Tim gabungan yang terdiri dari Satreskrim Polres Pelalawan, Ditreskrimsus Polda Riau, Bidlabfor Polda Riau, serta BBKSDA Riau melakukan olah tempat kejadian perkara (TKP) pada Selasa (3/2) dan dilanjutkan dengan pemeriksaan lanjutan pada Rabu (4/2).
Kabid Labfor Polda Riau AKBP Ungkap Siahaan mengungkapkan, dari hasil pemeriksaan laboratorium, penyidik menemukan dua serpihan logam yang diduga kuat merupakan proyektil atau anak peluru senjata api.
“Barang bukti berupa dua potongan logam telah kami uji dan mengandung unsur timbal, tembaga, serta nitrat. Temuan ini menguatkan dugaan penggunaan senjata api dalam kematian gajah tersebut,” jelas AKBP Ungkap.
Selain itu, tim juga mengambil sampel tanah dan air di sekitar lokasi penemuan bangkai gajah.
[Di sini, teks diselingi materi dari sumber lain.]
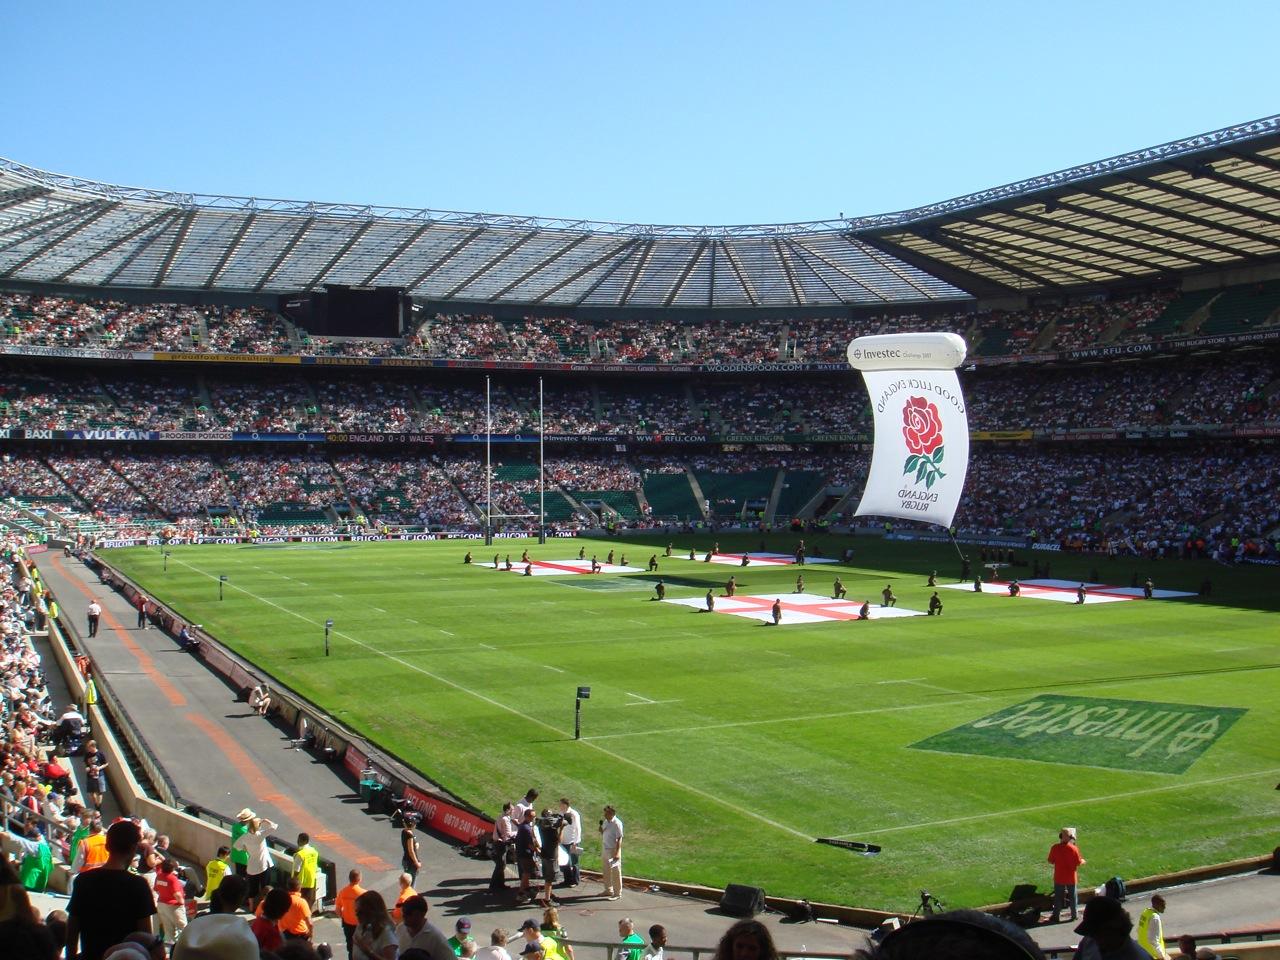 Twickenham World Rugby Museum and Stadium Tour in London

Berdasarkan hasil pemeriksaan awal, tidak ditemukan kandungan sianida maupun merkuri, sehingga dugaan kematian akibat keracunan dapat disingkirkan.
Sementara itu, perwakilan Balai Besar KSDA Riau, Kabid Wilayah I Yudha, menegaskan bahwa kematian gajah tersebut tidak wajar. Bahkan, ditemukan hilangnya bagian wajah gajah yang semakin menguatkan indikasi praktik perburuan liar.
“Kejahatan terhadap gajah adalah kejahatan terhadap negara dan masa depan keanekaragaman hayati Indonesia. Negara tidak akan mentolerir perbuatan ini,” tegas Yudha.
Ia menambahkan, setiap tindakan perburuan, pembunuhan, penyimpanan, pengangkutan, hingga perdagangan bagian tubuh satwa dilindungi merupakan tindak pidana sebagaimana diatur dalam Undang-Undang Nomor 32 Tahun 2024 tentang perubahan atas Undang-Undang Nomor 5 Tahun 1990, khususnya Pasal 21 ayat 2.
Direktur Reskrimsus Polda Riau Kombes Pol Ade Kuncoro menyampaikan, hingga saat ini penyidik telah memeriksa lima orang saksi. Proses penyidikan dilakukan menggunakan pendekatan scientific investigation berbasis bukti ilmiah guna memastikan pengungkapan kasus secara akurat dan transparan.
“Ini merupakan peristiwa duka bagi kita semua. Gajah tersebut ditemukan di jalur lintasan alami gajah. Tim masih bekerja di lapangan dan kami optimistis kasus ini dapat diungkap,” ujar Kombes Pol Ade Kuncoro.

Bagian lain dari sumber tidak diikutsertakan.